4.2. A CASA DO SAMBA

De acordo com a perspectiva adotada pelo presente trabalho, as re-significações e os novos papéis assumidos pelo samba da cidade são concebidos enquanto transformações e não deturpações. Considera-se, desse modo, o samba enquanto qualquer outra dimensão da cultura, estando passível de transformações, suscetível mesmo aos efeitos das desigualdades do acesso aos bens simbólicos e econômicos95. É em relação a esta premissa que pode-se pensar o samba inserido em alguns processos mais amplos, os quais ocorrem contemporaneamente em diversos âmbitos da cultura.

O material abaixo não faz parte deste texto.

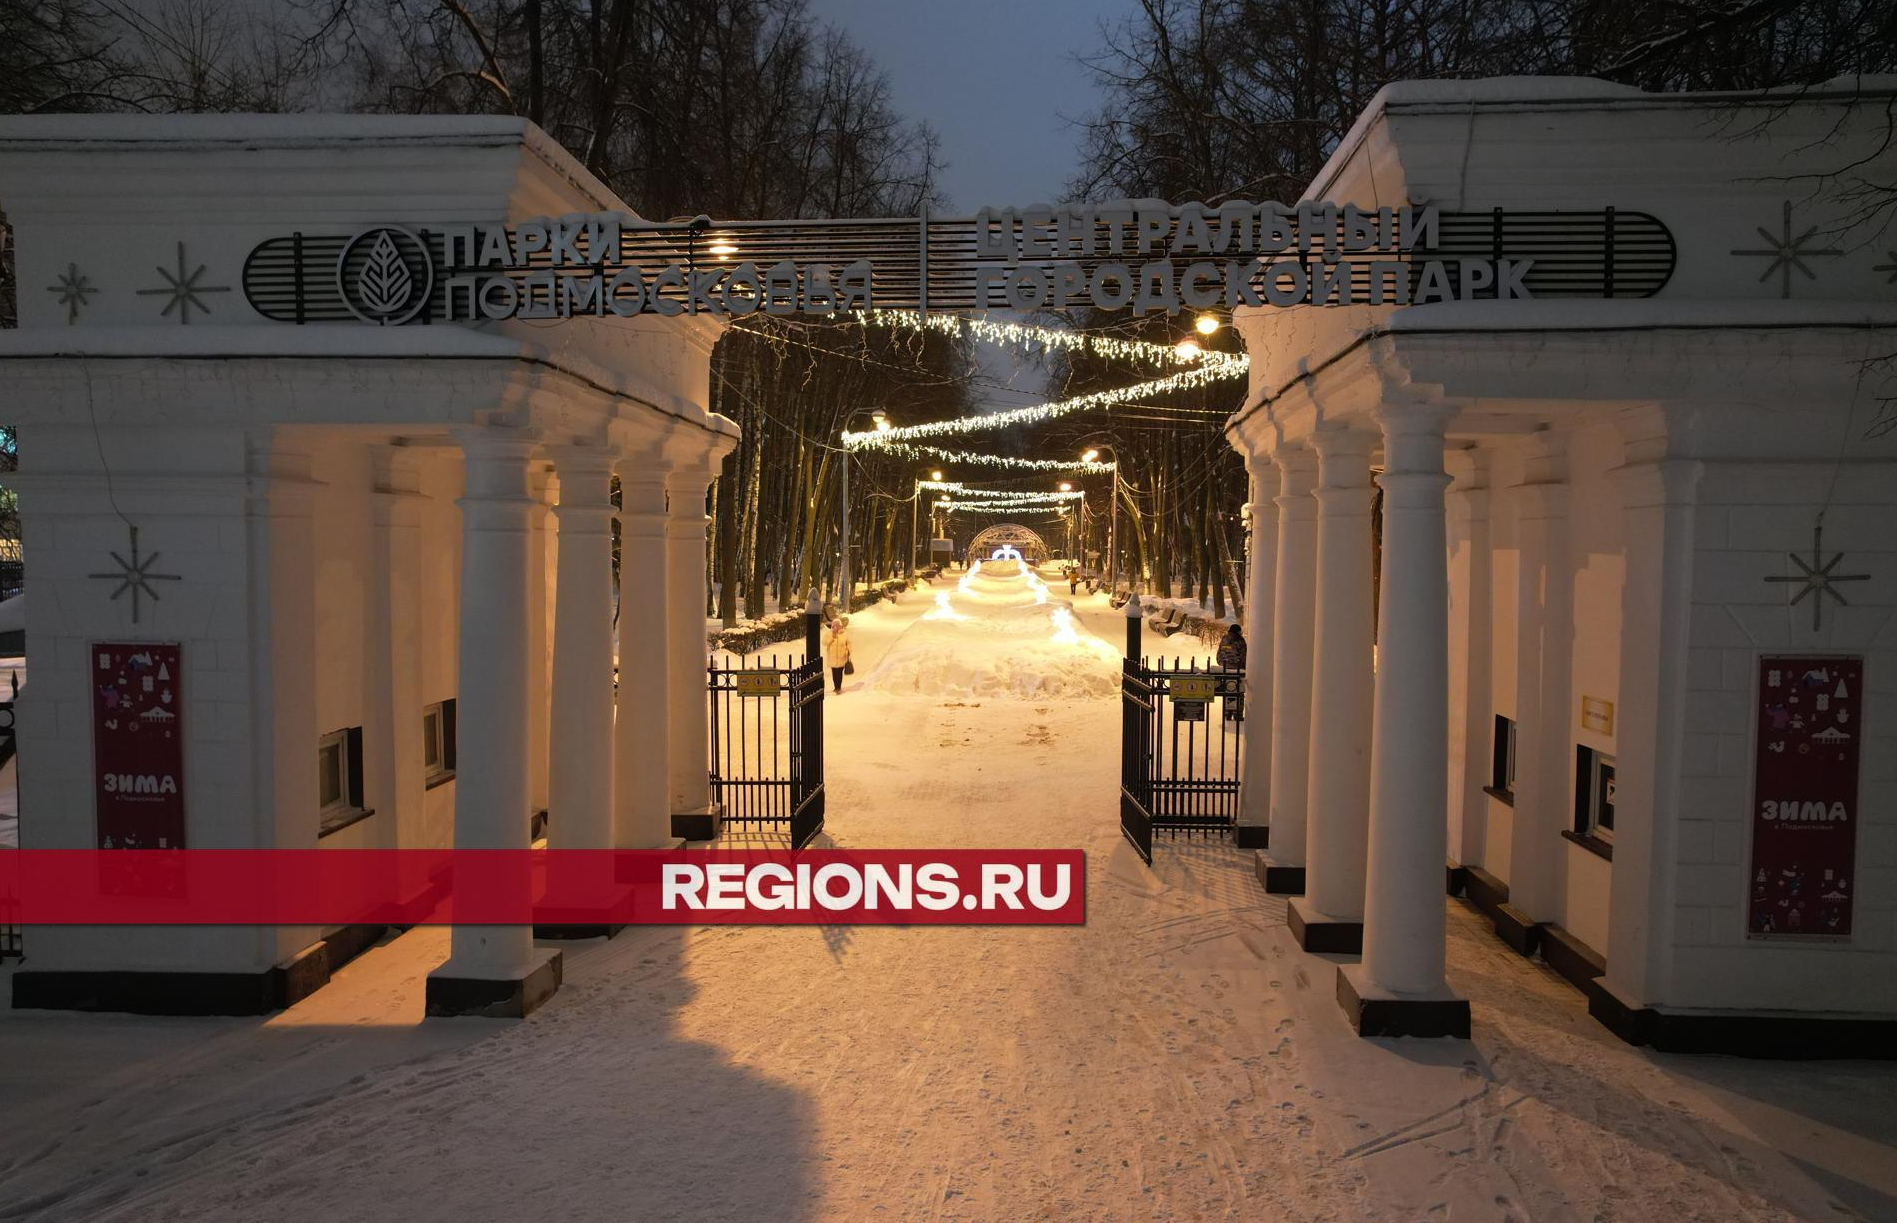 Центральный парк Королева празднично осветили по просьбам жителей

No tocante ao samba em Pirapora é notável o aumento do interesse da prefeitura em relação à manifestação cultural pelo menos desde o início da década de 1990, sendo que este se acentuou de forma sensível nos últimos oito anos96, fato que pode ser notado pela própria formação do grupo de “Samba de Roda”. Considerando a mudança de enfoque em relação ao samba de bumbo em Pirapora, desde então, com a preocupação da prefeitura em “revitalizar” o samba local, em “resgatá-lo”, houve um aumento das ações desta instituição em relação ao fomento e continuidade da expressão cultural local. A instituição, a partir de então, passou a elaborar e gerir projetos que privilegiam o samba local, e sua representação na cidade, o grupo “Samba de Roda”. Tais projetos foram implementados, materializados, sobretudo, a partir do ano de 2003 na cidade, conforme foi citado anteriormente. Policarpo J. da Cruz (2007), coordenador de cultura e turismo, em entrevista, apresenta estas ações e as intenções da prefeitura nestes incentivos:

O apoio da prefeitura, a gente pode dizer até que foi o Prefeito Miguel Bueno que deu um incentivo maior, né? Chamou a Maria Esther, deu um apoio pra ela, inclusive um apoio financeiro pra manter o samba naquela época. Fez uma certa divulgação (...) Faz mais ou menos uns dez anos que teve esse apoio que foi feito do Miguel, vamos dizer que foi mais ou menos em 1997, acho que por aí, que o Miguel deu esse apoio. Mas logo depois que o Miguel saiu, aí o prefeito Raul de fato pegou e achou por bem de dar um embalo mesmo no samba, e ofereceu um apoio irrestrito mesmo, inclusive colocando na mídia, dando maior ênfase assim na divulgação... e chegamos ao ponto que, nós tínhamos, lá onde é agora a casa do samba, tínhamos lá um prédio que era da igreja, este prédio foi construído em 1913 para uma entidade chamada São Vicente de Paula, os vicentinos, que cuidavam de pessoas carentes (...) Então por isso que o prefeito achou melhor voltar às origens

95 Ver AYALA; AYALA (1995); ARANTES (1986).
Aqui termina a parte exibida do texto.